Nova Rise Monastery Library
Nova Rise Monastery Library

Up until now I have been reviewing secondary resources (those that were hard or impossible to find while in England), attending supervisions from Professor Pietschmann, preparing for a few papers (in Germany and England), and making some trips to the archives.  As I have been spending lots of time settling into my new life in Germany, I have not been able to get in as many trips to the archives as I had hoped I would in the first two months, but I am already prepared for the new year.  Come January, I will begin making my way from Mainz down to Vienna via Bavaria, where I have a list of archives to visit and documents to see.  This is the most crucial aspect of my research since these documents only exist in one place and are difficult and expensive to get without actually going and seeing them.  A case in point is a reference to a description of a princely wedding festival that I found in a digitized eighteenth-century chronicle.  Here the author noted that a beautiful description of the event could be purchased from the princely publisher for 12 Kreutzer.  I was able to track down and visit the (perhaps only remaining) source in the court library of the Thurn und Taxis in Regensburg.  This source mentioned over 14 instances of music in great detail, giving context to some pieces that I have been examining for nearly two years now.

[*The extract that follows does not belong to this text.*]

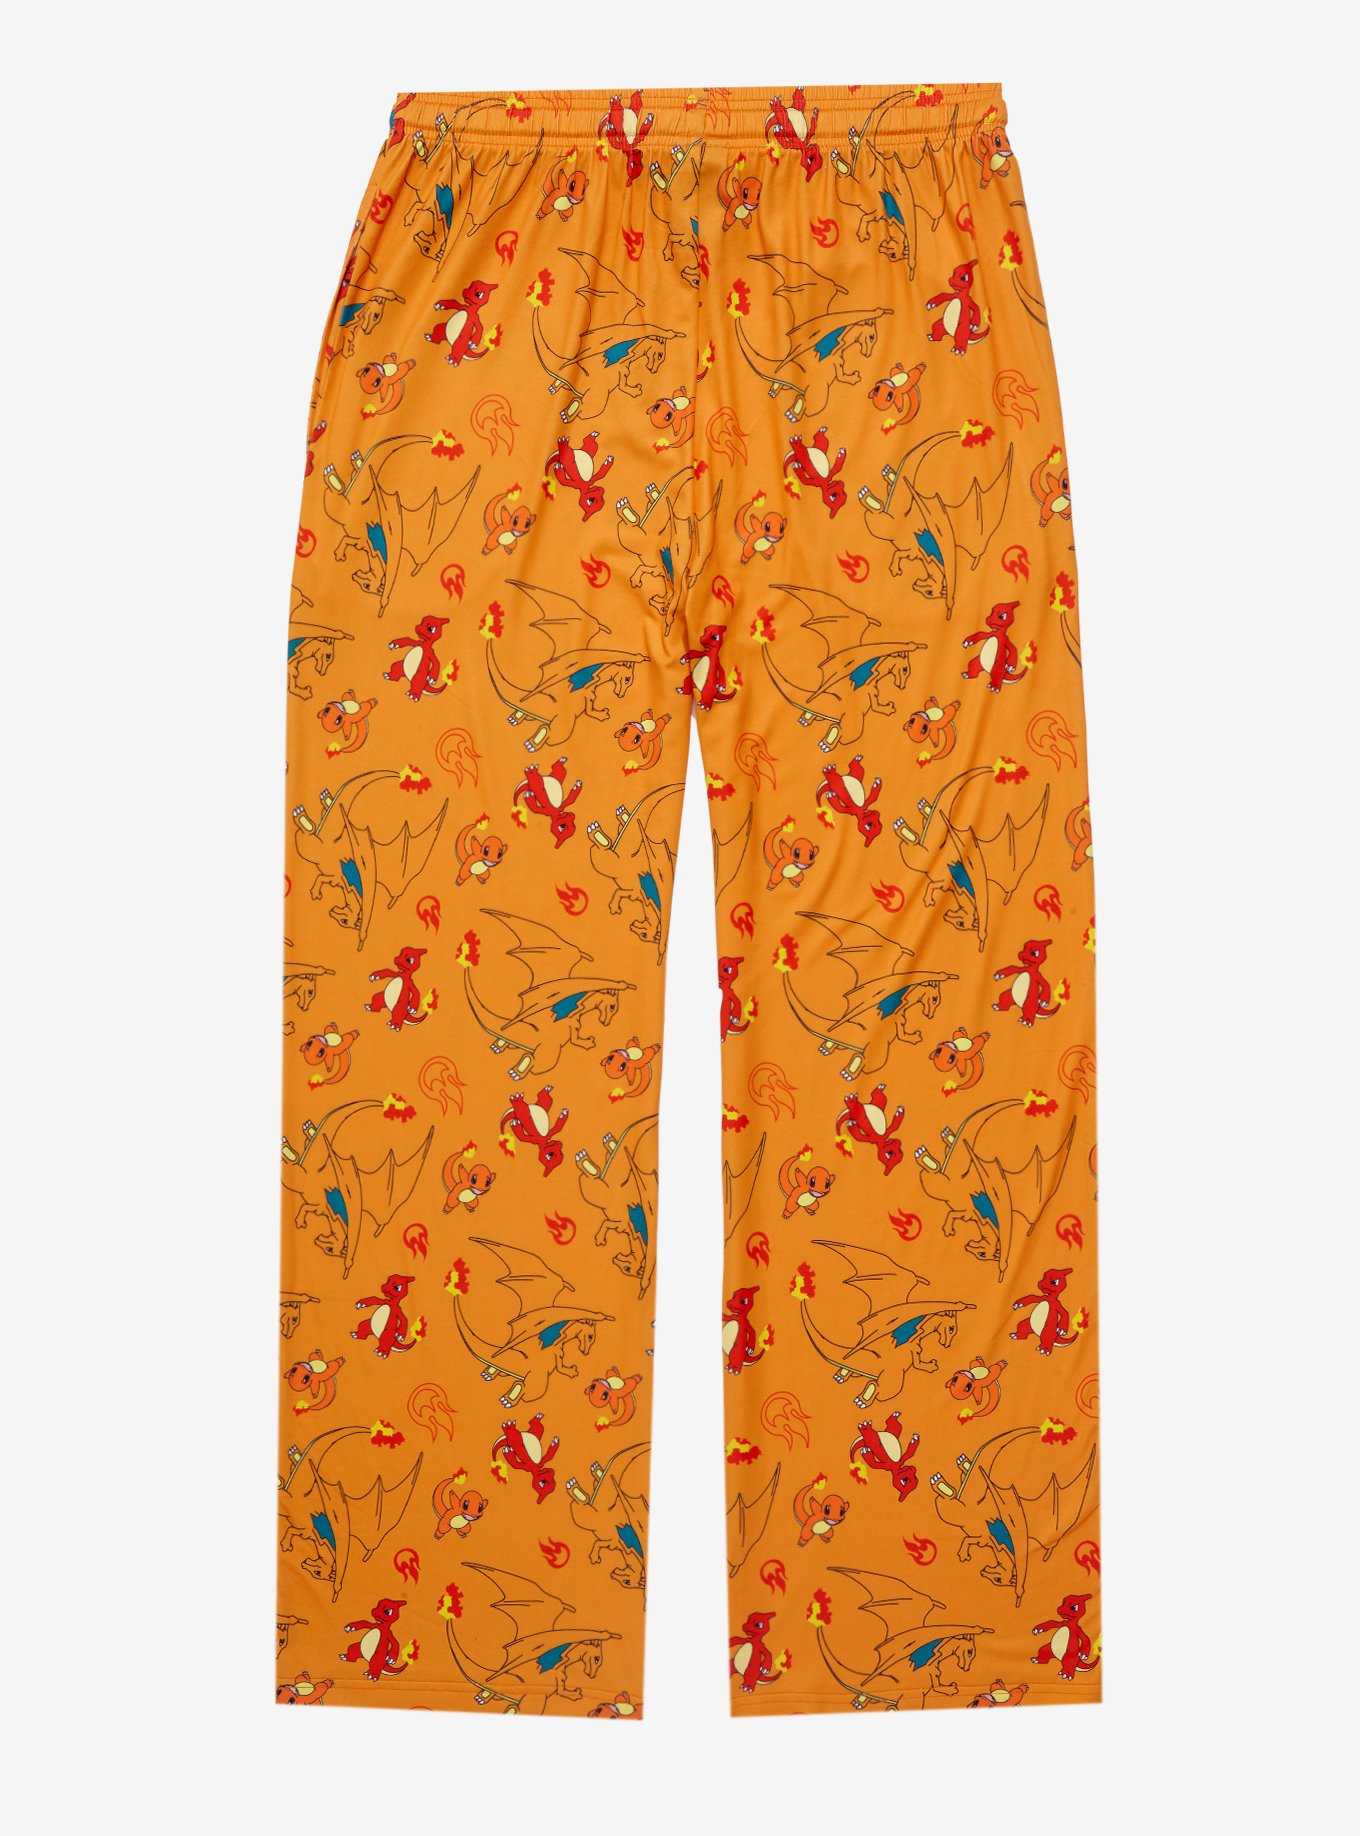 Pokémon Fire Type Evolutions Allover Print Sleep Pants - BoxLunch Exclusive, , hi-res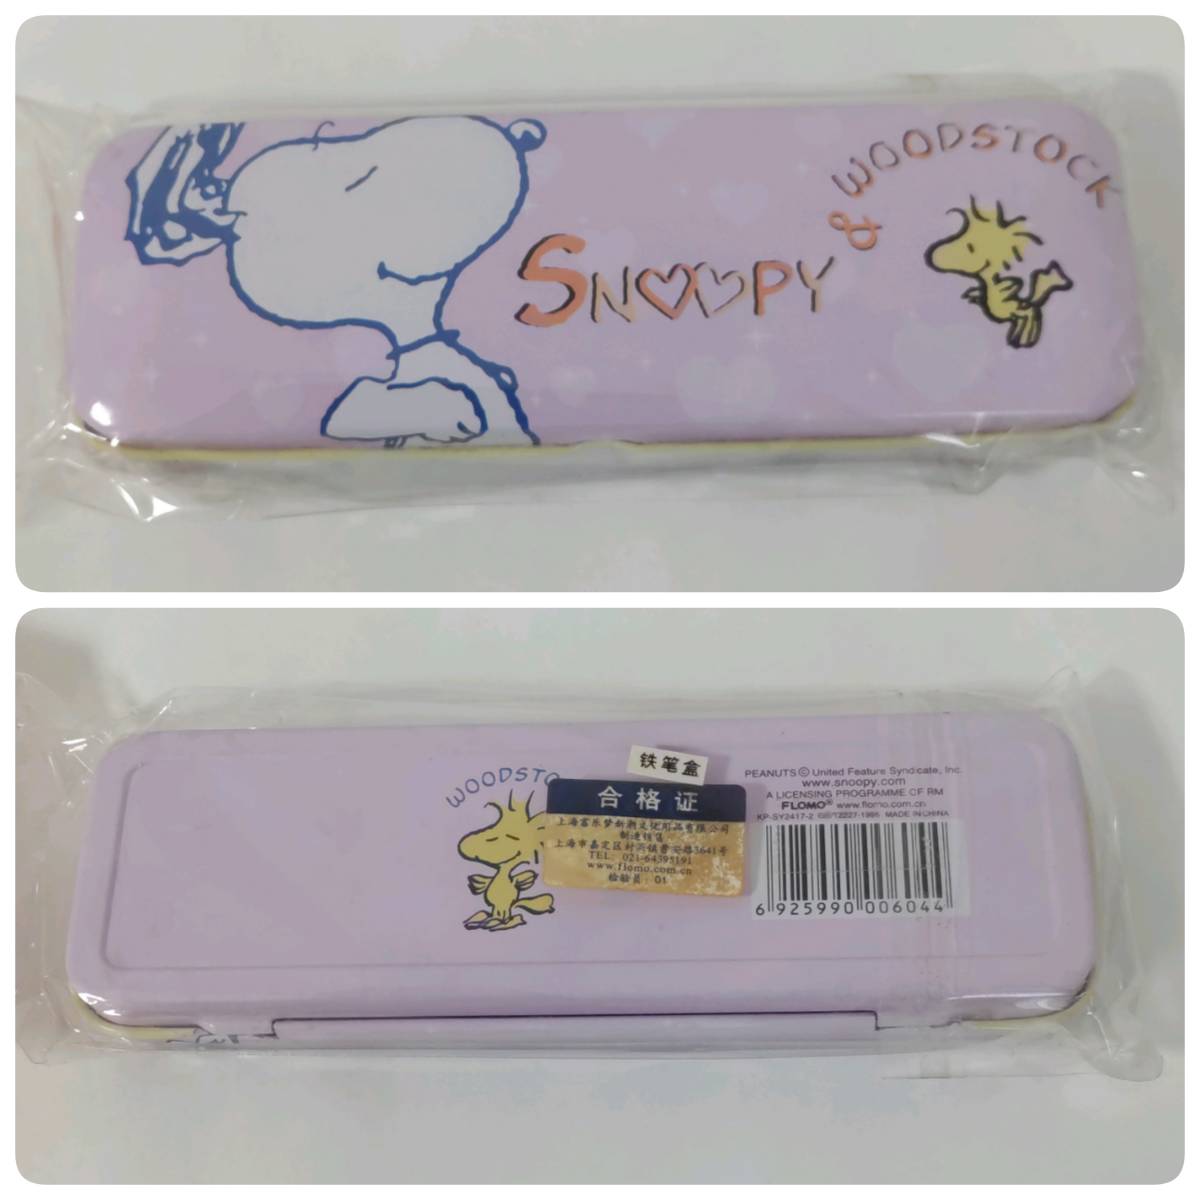  Snoopy Woodstock can pen case writing brush box

Schloß Taxis in Regensburg
Schloß Taxis in Regensburg

My year in Germany is crucial to the successful (not to mention timely!) completion of my PhD project.  Without the understanding of the University of Southampton, the hospitality of Universität Mainz, and the generosity of the DAAD, this project would be only an unrealized dream.  I am very grateful to everyone involved in making my research a reality.